[WORK ORDER] Reproduce the lines below exactly, from the one containing "Shop Chemical Guys Mr Pink online" through the one containing "Daily transport service", both included. Leave out any pictures.

(SUPPLIED RECORDS Opens)

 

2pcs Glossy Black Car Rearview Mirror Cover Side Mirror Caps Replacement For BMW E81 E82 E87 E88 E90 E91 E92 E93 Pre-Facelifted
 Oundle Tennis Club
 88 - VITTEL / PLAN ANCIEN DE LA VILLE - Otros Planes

(SUPPLIED RECORDS Closes)
(SUPPLIED RECORDS Opens)

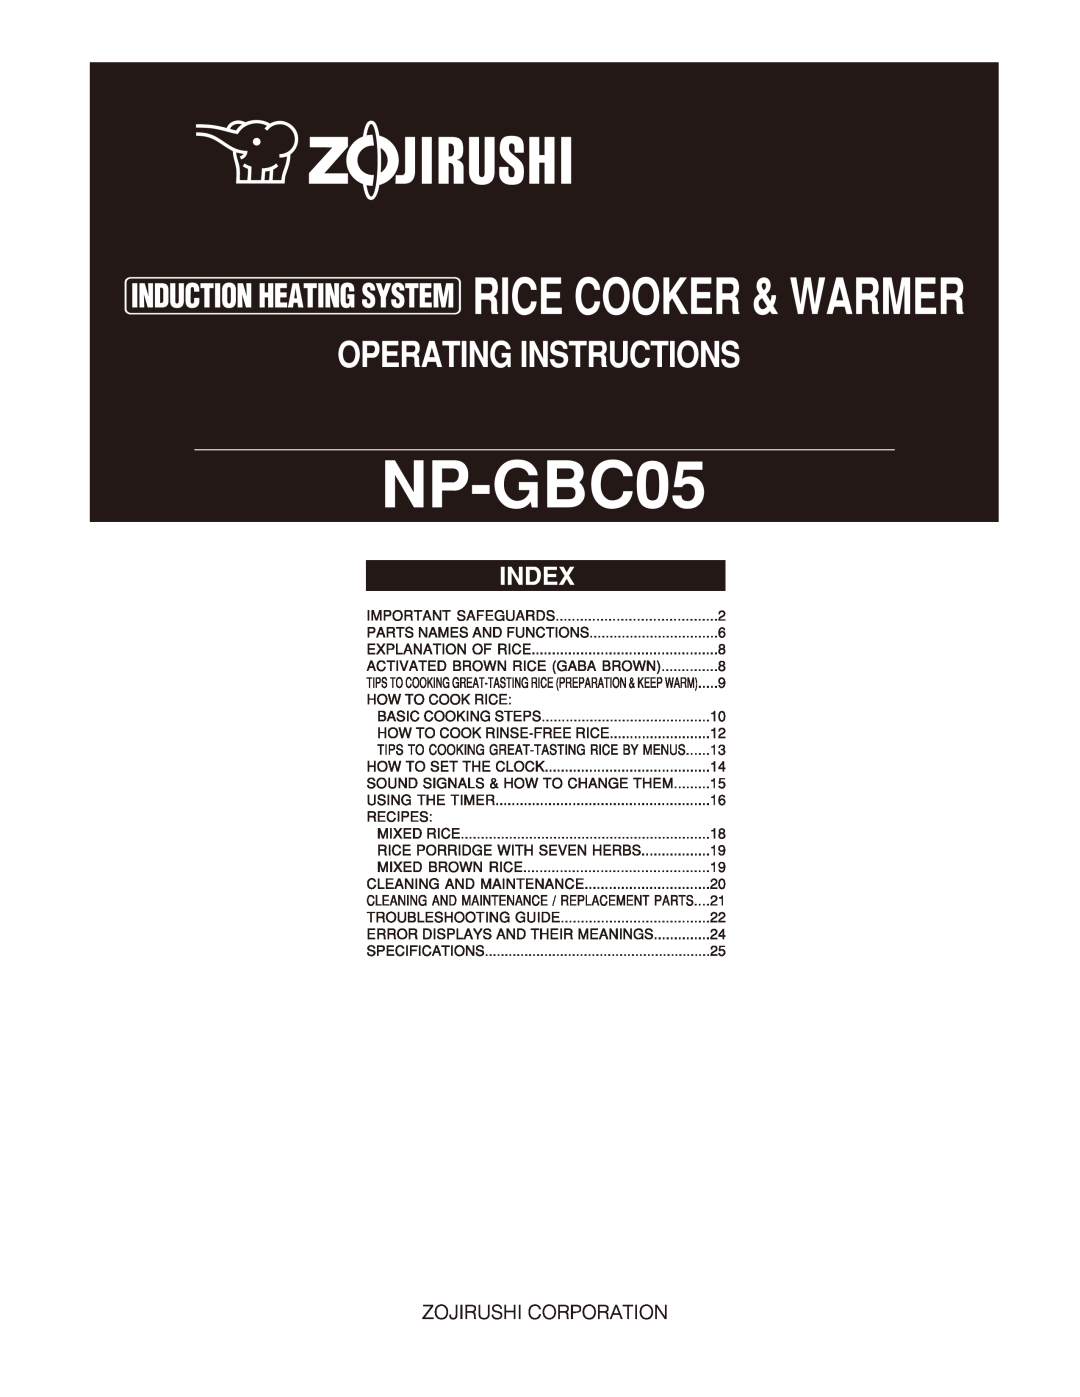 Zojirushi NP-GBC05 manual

(SUPPLIED RECORDS Closes)
(SUPPLIED RECORDS Opens)

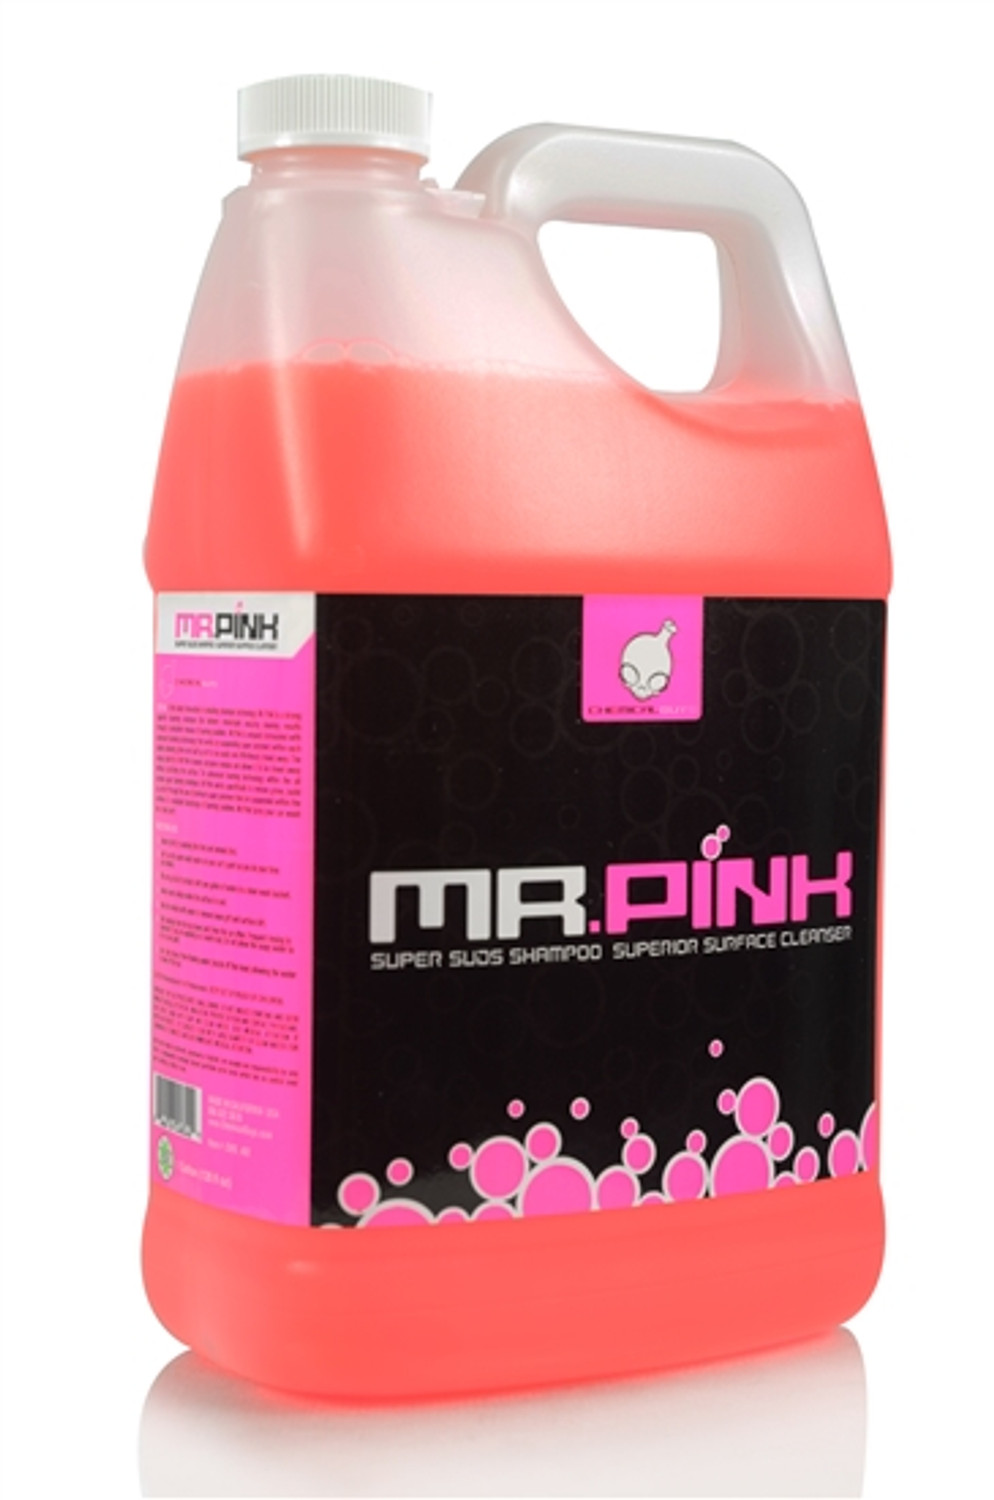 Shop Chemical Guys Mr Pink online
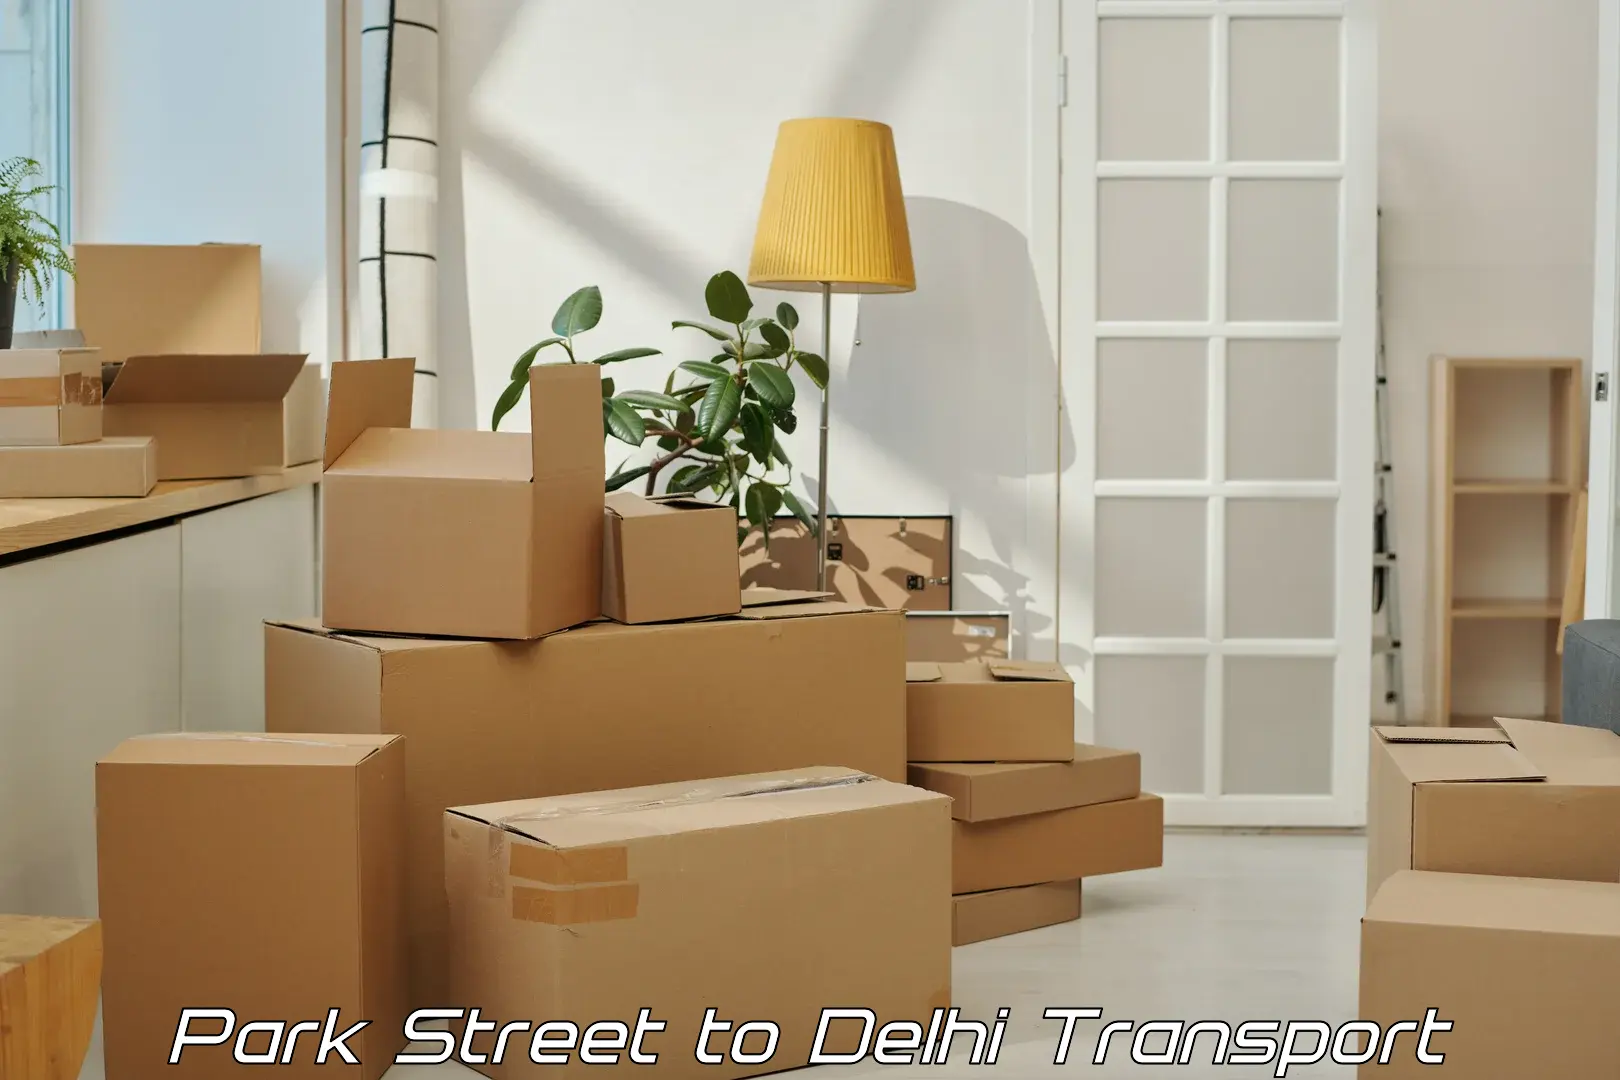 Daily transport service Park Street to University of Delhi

(SUPPLIED RECORDS Closes)

[ANSWER SPACE]
 Shop Chemical Guys Mr Pink online
 Daily transport service Park Street to University of Delhi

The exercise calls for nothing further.